When do employers have to make reasonable adjustments and what are the consequences if they don’t?
Under section 20 of the Equality Act 2010, employers are under a duty to make reasonable adjustments where a provision, criterion or practice, (“PCP”) or a physical feature puts a disabled person at a substantial disadvantage in comparison to those who are not disabled; or where a disabled person would, but for the provision of an auxiliary aid, be put at a substantial disadvantage in comparison with those who are not disabled. The employer must also know (or be reasonably expected to know) of the employee’s disability and that they are likely to be placed at such a substantial disadvantage before the duty arises.
The ACAS guide on Disability Discrimination suggests that employers ask themselves three questions in assessing whether an adjustment needs to be made: Do we need to change how things are done?
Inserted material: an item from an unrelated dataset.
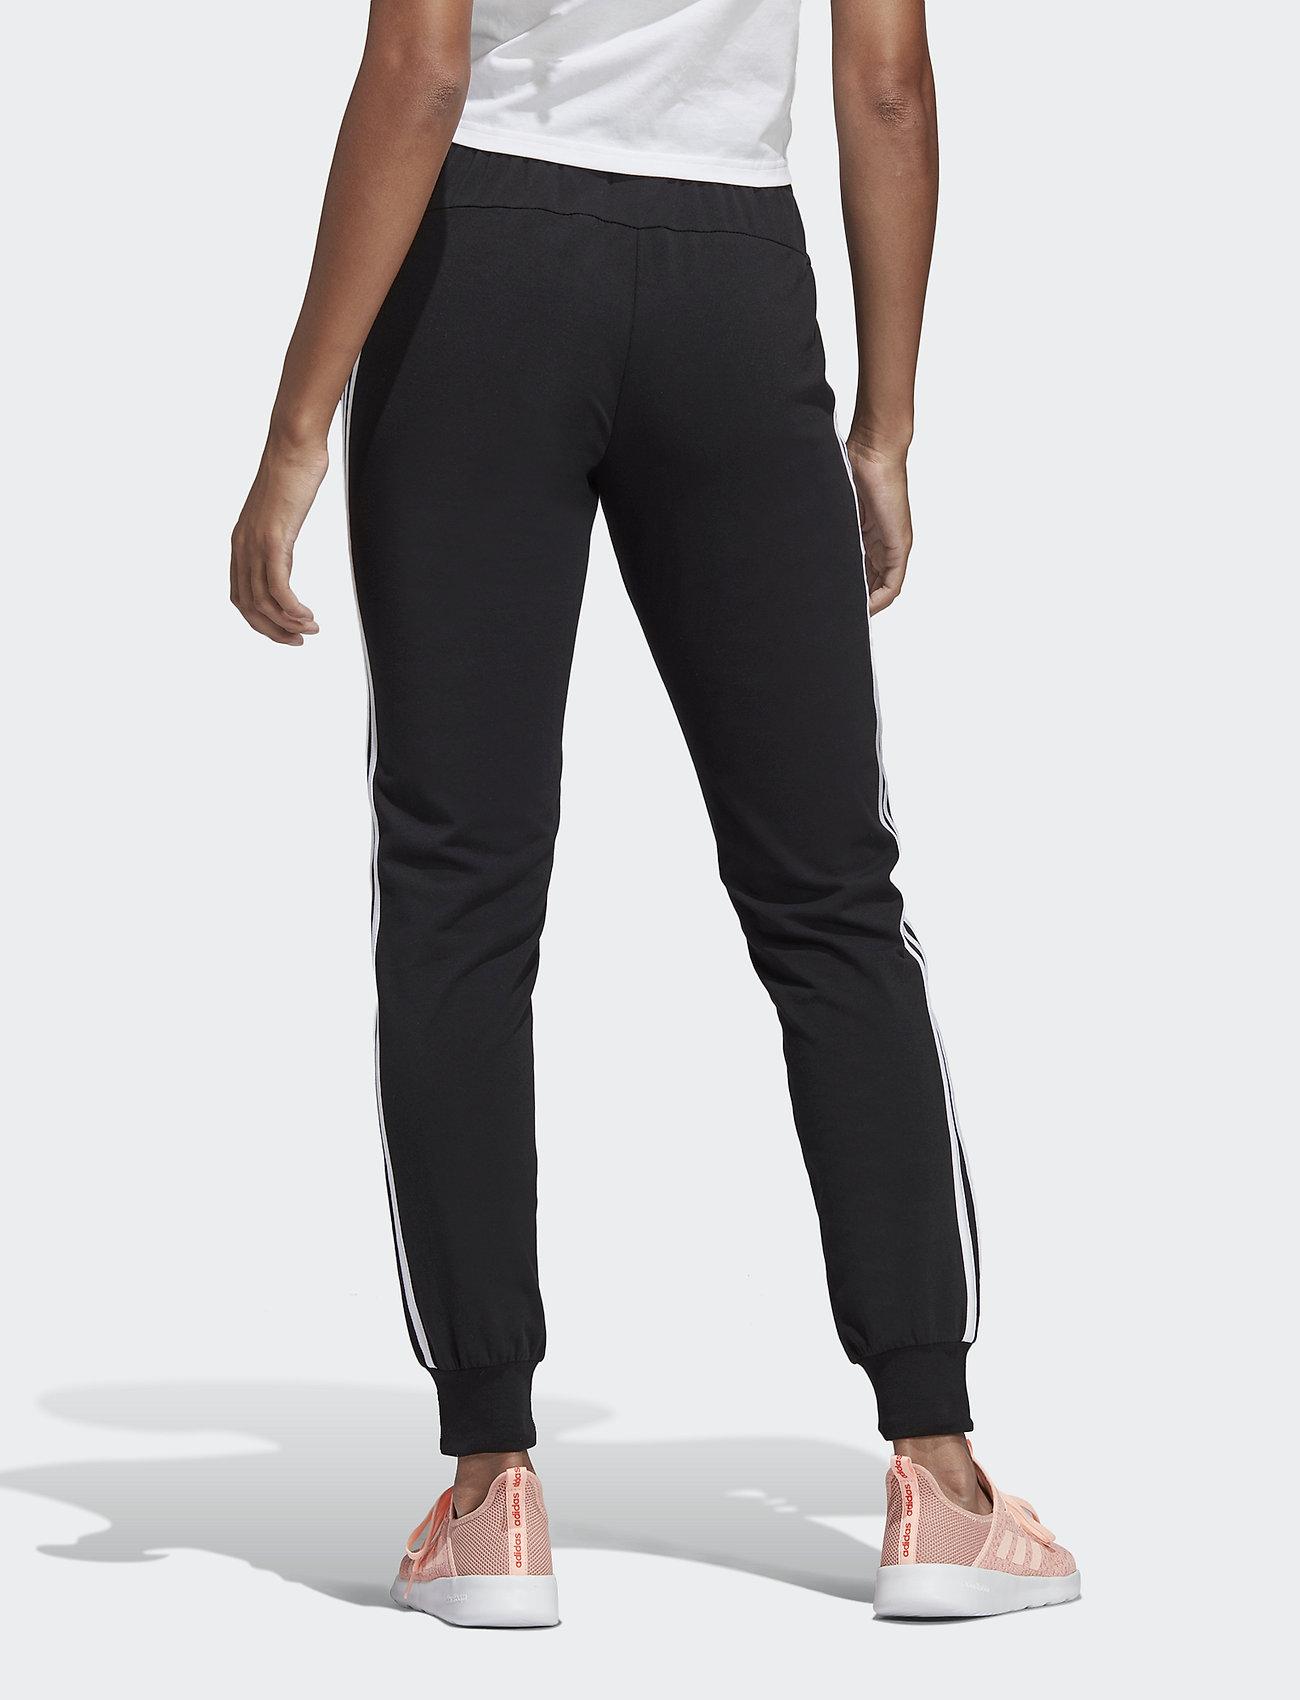 W E 3s Pant Sj (Black/white) (479 kr) - adidas Performance

Do we need to physically change the workplace? Do we need to provide extra equipment?
Disability is one of the protected characteristics under the Equality Act 2010 and is defined as follows: “a person has a disability if he has a physical or mental impairment and the impairment has a substantial and long-term adverse effect on his ability to carry out normal day to day activities”.
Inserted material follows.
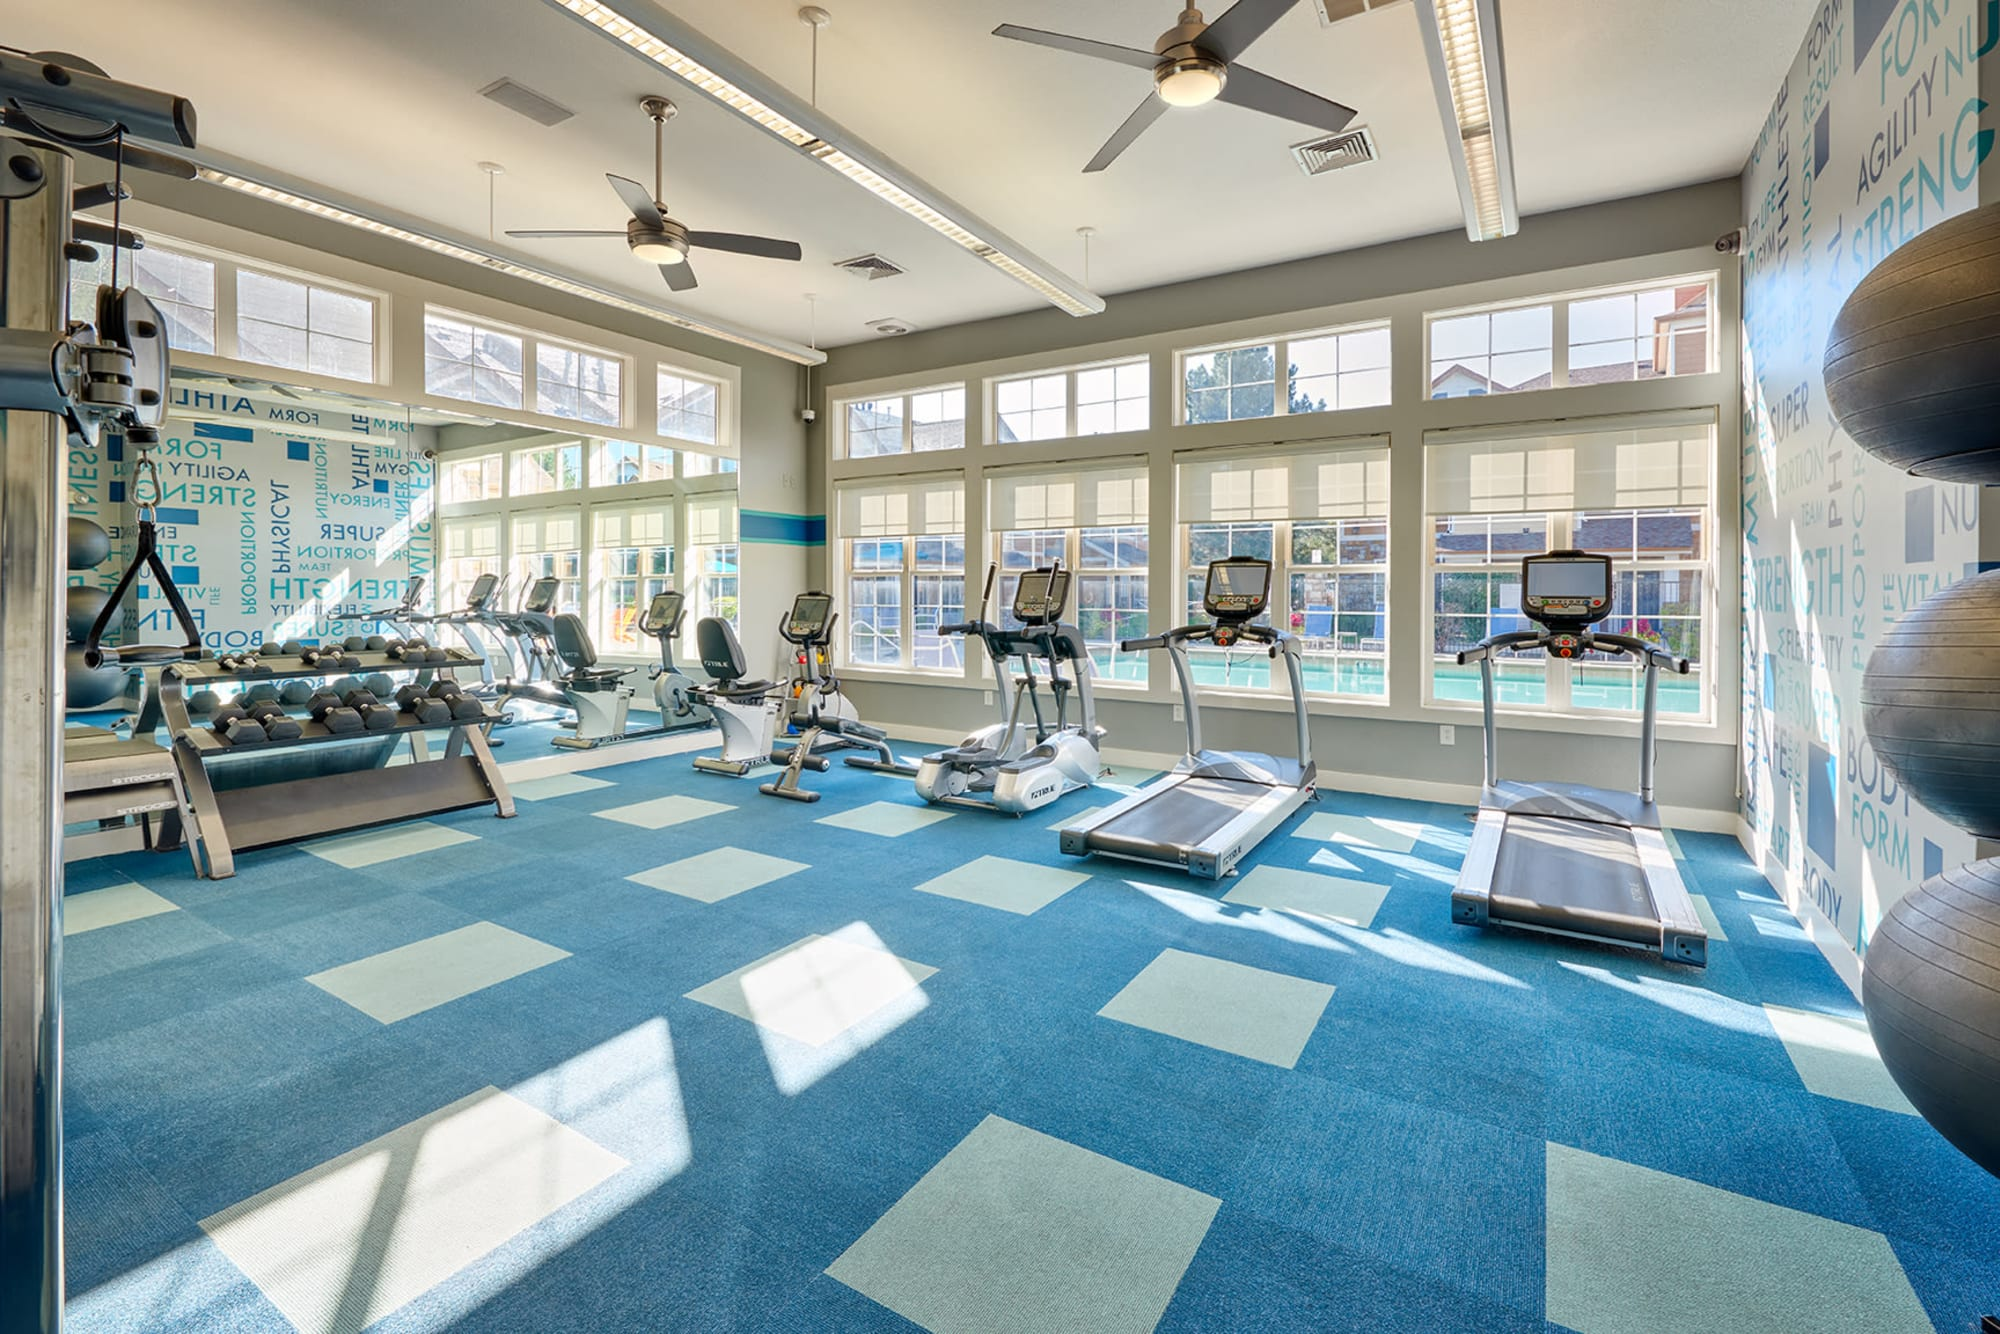 The community fitness center at Crestone Apartments in Aurora, Colorado

An impairment is long-term if either it has lasted or is likely to last at least 12 months, and a substantial adverse effect is one which is more than minor or trivial. Impairments can include conditions which are progressive, recurring, or which but for medication, would otherwise have such an effect. What is meant by normal day to day activities has been the subject of much litigation.
“Day to Day activities” and the Banaszczyk case
The Equality Act 2010 Guidance describes normal day to day activities as “things people do on a regular or daily basis” and provides a list of non-work activities. However, following the ECJ cases of Chacon Navas v Eurest (2006) and Ring v Dansk (2011), the effect of an impairment on the worker’s ability to participate in professional life (i.e. workplace activities) also needs to be considered as illustrated in the recent EAT case of Banaszczyk v Booker Ltd (2016).
Mr Banaszczyk was employed from 2008 as a picker in a warehouse, whose duties were to load cases of goods. Following a car accident in 2009 he could no longer lift heavy loads without suffering discomfort. As a result, his “pick rate” (a requirement to load 210 cases per hour) fell below the employer’s acceptable standard. In July 2013, he was dismissed on grounds of capability and he then brought a claim of unfair dismissal and disability discrimination.
Although the ET decided that Mr Banaszczyk did not have a disability, it was unclear whether the judge decided that the lifting and moving activity fell within the definition of a normal day to day activities. The EAT however, concluded that on the ET’s findings of fact, there was only one possible result, Mr Banaszczyk’s workplace activities of lifting and moving did constitute a normal day to day activity. Large numbers of people in the UK are employed to lift and move heavy goods across a range of occupations and this impairment did have a substantial effect on Mr Banaszczyk’s ability to carry out that activity (as he was significantly slower). The case therefore reinforces the position that an ET will consider certain workplace activities as “normal day to day activities” even though such activities may not be “normal” for everyone.
In considering changing the way things are done, the employer may have considered whether it was feasible to change the way the goods were loaded or packed, removing the need for Mr Banaszczyk to lift the heavier goods.
As for whether the workplace could be physically changed, it could have considered whether smaller pallets and wider doorways, would have helped.
Finally, would an auxiliary aid have been useful? Perhaps some of the manual lifting could have been done by forklift, or perhaps by a second person lifting a load with Mr Banaszczyk.
The recent ACAS Disability Discrimination guidance states that the majority of people develop a condition during their working life rather than being born with a disability. This may mean that many employers have little experience of making reasonable adjustments. As compensation awards for successful disability discrimination claims are unlimited, it is crucial for employers to fully understand when the duty to make reasonable adjustments arises and what the duty entails.